Build Translator chains in order of preference. with_fallback chains are evaluated left-to-right: the primary bundle is tried first, then each fallback in the order you added it.
Full Text and I18n Demo
The following is the complete text/i18n demo from the Sifr repository:
from sifr.encoding import ascii, decode, encode, latin1, replace_decode_handler
from sifr.encoding import DecodeError, EncodeError
from sifr.i18n import (
Bundle,
LocaleId,
NumberFormatter,
Translator,
bundle_from_mo_bytes,
translator,
)
from sifr.io import TextFileHandle, open_text
from sifr.os import remove_file
from sifr.unicode import NFC, category, graphemes, normalize, words
from sifr.unicode import UnicodeDataError
def collect_demo_checks() -> list[bool]:
checks: list[bool] = []
# Non-UTF-8 byte/text boundaries are explicit.
try:
latin_bytes: bytes = encode("caf\u00e9", latin1())

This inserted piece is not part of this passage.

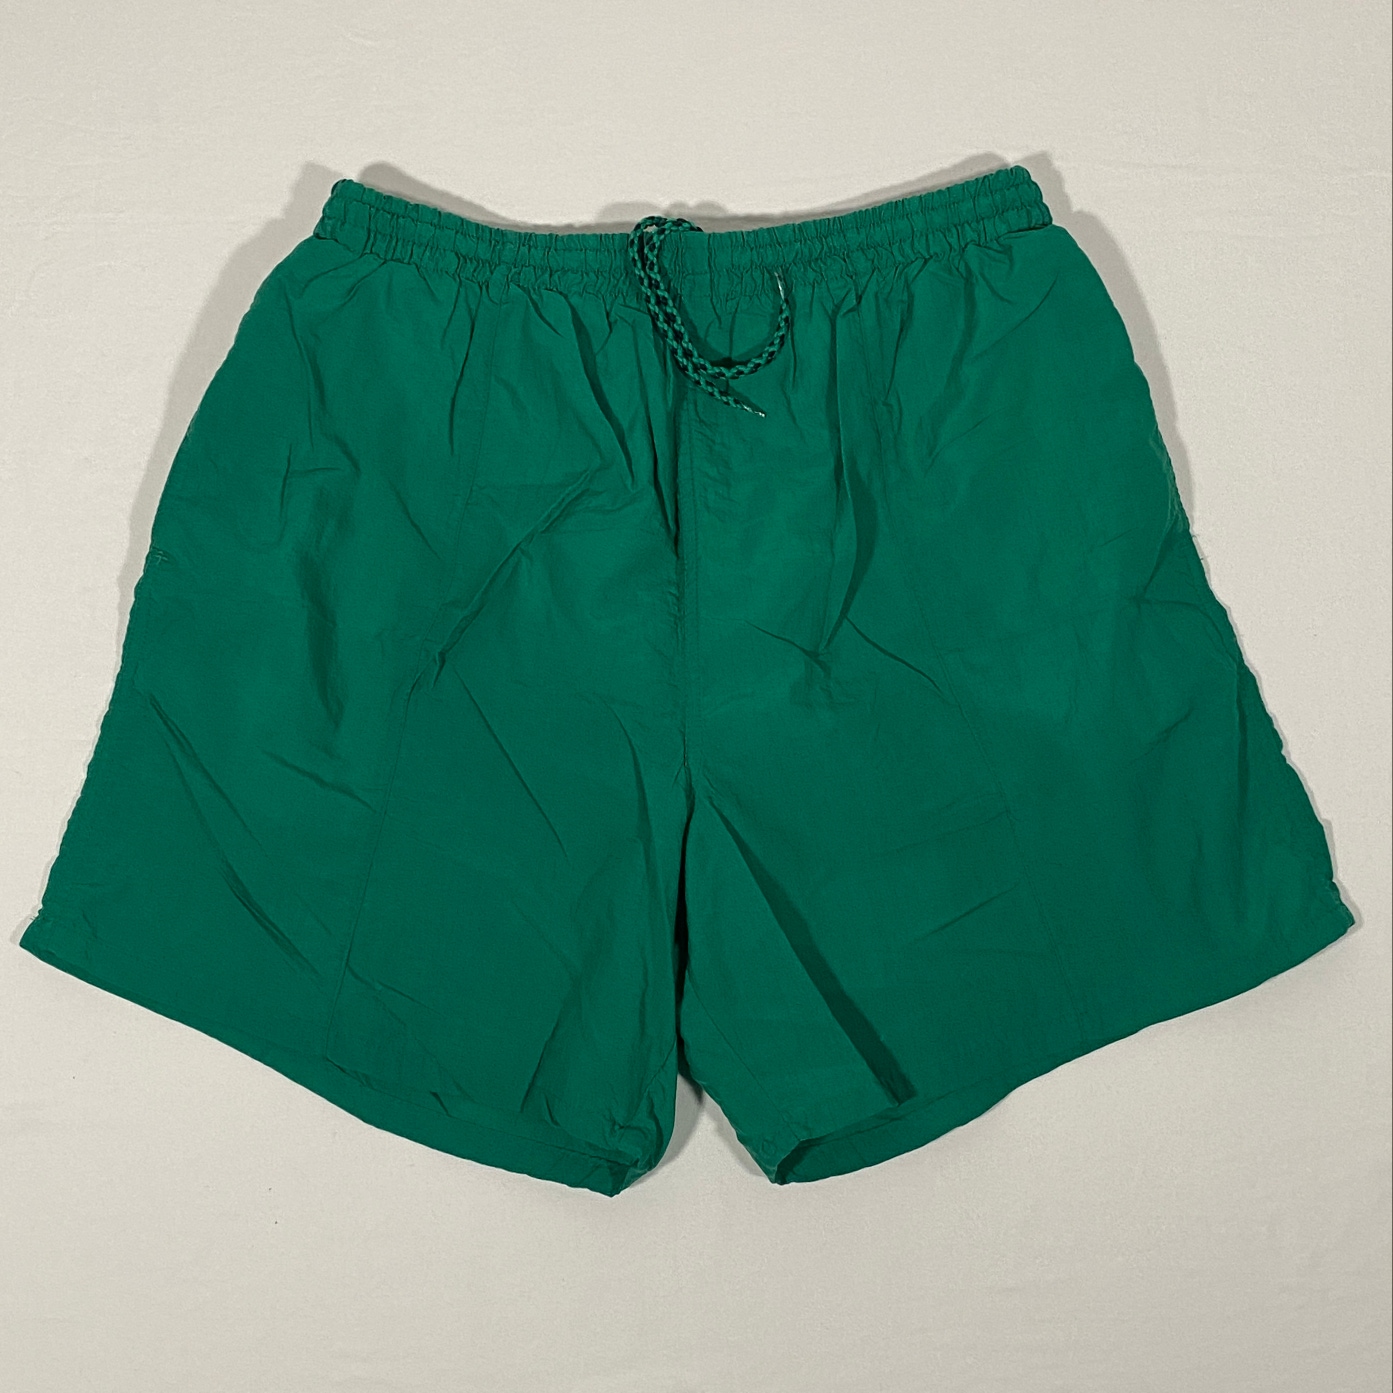 Basic Editions Men's Size L Green Mesh-Lined 100% Nylon Swimming Trunks/Shorts

checks.append(latin_bytes == b"caf\xe9")
except EncodeError as e:
_ = e.message
checks.append(False)
try:
latin_text: str = decode(b"caf\xe9", latin1())
checks.append(latin_text == "caf\u00e9")
except DecodeError as e:
_ = e.message
checks.append(False)
try:
recovered_text: str = decode(b"\xffA", ascii(), replace_decode_handler())
checks.append(recovered_text == "\ufffdA")
except DecodeError as e:
_ = e.message
checks.append(False)
# Text I/O uses the same explicit encoding substrate.
path: str = "/tmp/sifr_text_i18n_demo_latin1.txt"
try:
writer: TextFileHandle = open_text(path, "w", encoding=latin1())
_written: None = writer.write("caf\u00e9")
writer.close()
reader: TextFileHandle = open_text(path, "r", encoding=latin1())
text: str = reader.read()
reader.close()
_removed: None = remove_file(path)
checks.append(text == "caf\u00e9")
except IOError as e:
_ = e.message
checks.append(False)
# Unicode core and segmentation APIs use Unicode 17.0.0 data.
try:
composed: str = normalize(NFC, "e\u0301")
clusters: list[str] = graphemes("a\u0301b")
tokens: list[str] = words("Hi, \u03ba\u03cc\u03c3\u03bc\u03b5!")
letter_category: str = category("A")
checks.append(composed == "\u00e9")
checks.append(letter_category == "Lu")
checks.append(len(clusters) == 2)
checks.append(len(tokens) == 2)
except UnicodeDataError as e:
_ = e.message
checks.append(False)
# Locale-sensitive formatting is object-scoped.
try:
formatter: NumberFormatter = NumberFormatter(LocaleId("en-US"))
formatted: str = formatter.format("12345")
checks.append(len(formatted) > 0)
except Error as e:
_ = e.message
checks.append(False)
# Translation bundles use explicit fallbacks and plural lookup.
try:
primary: Bundle = bundle_from_mo_bytes(primary_catalog_bytes())
fallback: Bundle = bundle_from_mo_bytes(fallback_catalog_bytes())
tx: Translator = translator(primary).with_fallback(fallback)
hello: str = tx.translate("hello")
files: str = tx.translate_plural("file", "files", 2)
backup: str = tx.translate("backup")
checks.append(hello == "bonjour")
checks.append(files == "fichiers")
checks.append(backup == "secours")
except Error as e:
_ = e.message
checks.append(False)
return checks
What Is Not in This Release
The following CPython-shaped names are intentionally absent and raise diagnostics if imported:
| Rejected import | Use instead |
|---|
codecs, sifr.codecs | sifr.encoding |
encodings, sifr.encodings | sifr.encoding |
unicodedata, sifr.unicodedata | sifr.unicode |
locale, sifr.locale | sifr.i18n |
gettext, sifr.gettext | sifr.i18n |
These adapters may be reviewed for future phases, but any future compatibility wrappers must wrap the native Sifr substrate without process-global mutation.